Este é um protocolo detalhado de cultivo de esferoides de células ligamentares periodontais por filmes quitosanos. Comparado com o sistema de cultura convencional, o sistema de cultura esferoide produz células do ligamento periodontal com maior autoconexão e capacidades de diferenciação osteogênica. Para começar, prepare a solução chitosana de peso para volume de 1%, conforme indicado no manuscrito.
Adicione 0,5 mililitros de solução de chitosan em cada poço de uma placa de poliestireno de cultura tecidual de 24 poços. Seque a placa em um forno a 60 graus Celsius durante 24 horas para formar filmes de chitosan. Para neutralizar os filmes de chitosan, adicione 0,5 mililitros de hidróxido de sódio normal de 0,5 a cada poço da placa de 24 poços e incubar à temperatura ambiente por duas horas.

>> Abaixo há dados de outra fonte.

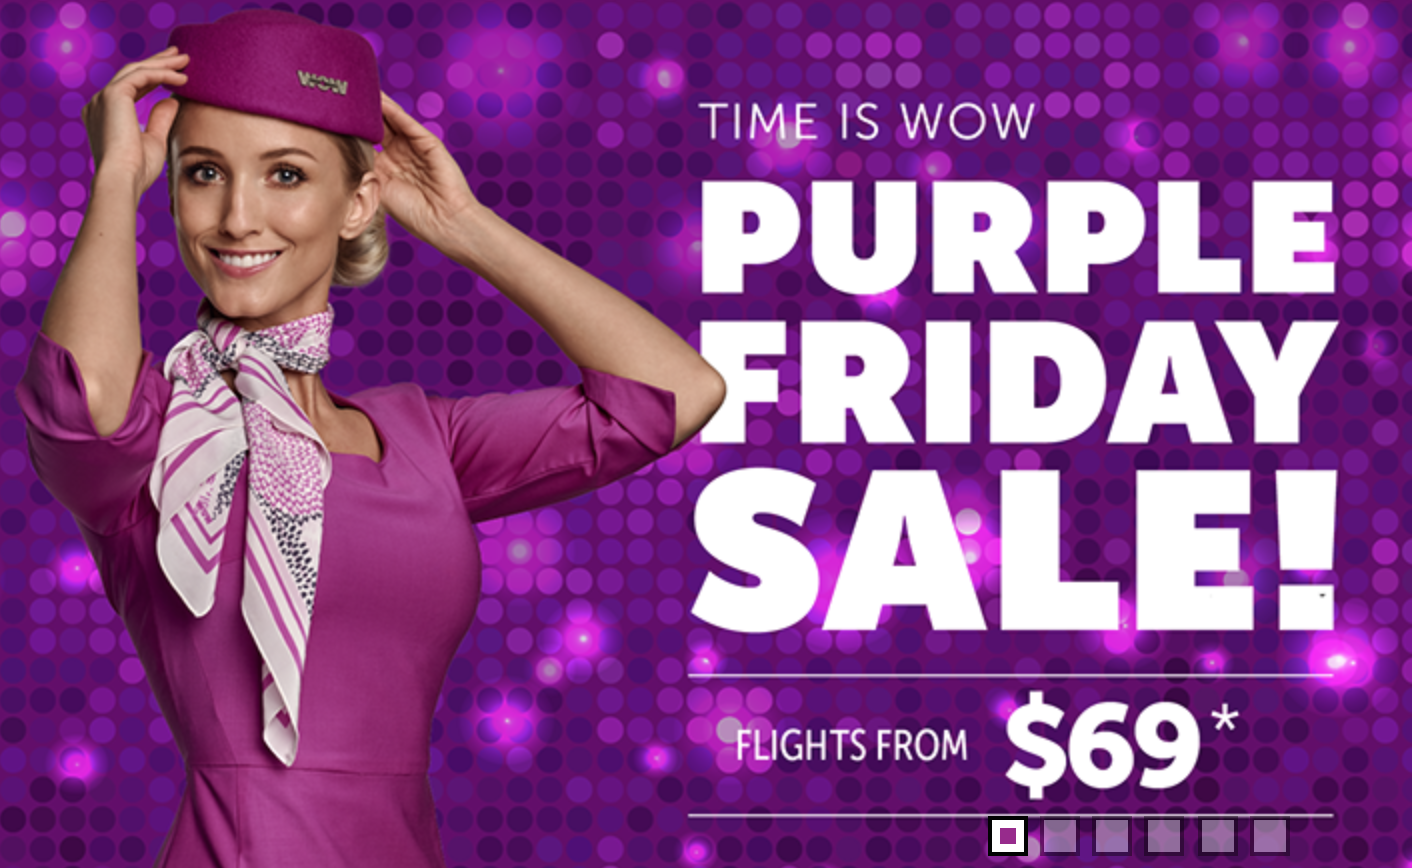 WOW Air’s Black Friday Deal: $69 Flights to Iceland and $99 Flights to Other European Cities!

Em seguida, lave os filmes de chitosan três vezes com água duplamente destilada. Esterilize a placa de 24 poços revestida de quitosan em 70% de álcool durante a noite à temperatura ambiente. Enxágüe a placa três vezes com PBS e deixe-a sob luz ultravioleta durante a noite.
Antes da semeadura celular, meio de proliferação pré-quente, solução PBS e solução EDTA de trippsina a 37 graus Celsius. Descarte o supernascedor do frasco de cultura celular e lave o ligamento periodontal confluente, ou células PDL, com 10 mililitros de PBS. Descarte o PBS e adicione um mililitro de solução EDTA de trippsina ao frasco.
Incubar o frasco a 37 graus Celsius por três minutos e, em seguida, adicionar três mililitros de meio de proliferação para terminar a digestão de trippsina. Transfira a suspensão celular para um tubo cônico de 15 mililitros e depois centrífuga por cinco minutos a 300 vezes g. Descarte o supernascer e suspenda as células em 500 microliters de meio de proliferação.
Conte as células com um hemócito e semee-as na placa a cinco, 10, 30 e 60 mil células por centímetro quadrado. Cultura as células PDL em uma incubadora a 37 graus Celsius em 5% de dióxido de carbono e ar umidificado, mudando o meio cultural duas vezes por semana. Observe a morfologia celular diariamente por cinco dias através de um microscópio de contraste de fase inversa.
Esferoides viáveis de células PDL são formados com sucesso usando este protocolo. Esferoides raramente são observados para a densidade de menor semeadura nos dias um e três. Mas nas duas densidades mais altas, vários tamanhos de esferoides estão presentes desde o primeiro dia.
A densidade ideal de semeadura é de 30 mil células por centímetro quadrado porque resulta em esferoides homogêneos. Após cinco dias de cultura, spheróides maiores são observados para todas as densidades de semeadura. Um ensaio de viabilidade demonstra que a maioria das células PDL estão vivas nos dias um, três e seis, mas o número de células mortas aumenta no sexto dia.
Uma limitação deste protocolo é a diminuição da proliferação de células após a formação de esferoides. Assim, são necessários mais estudos para promover a proliferação de células após a formação de esferoides.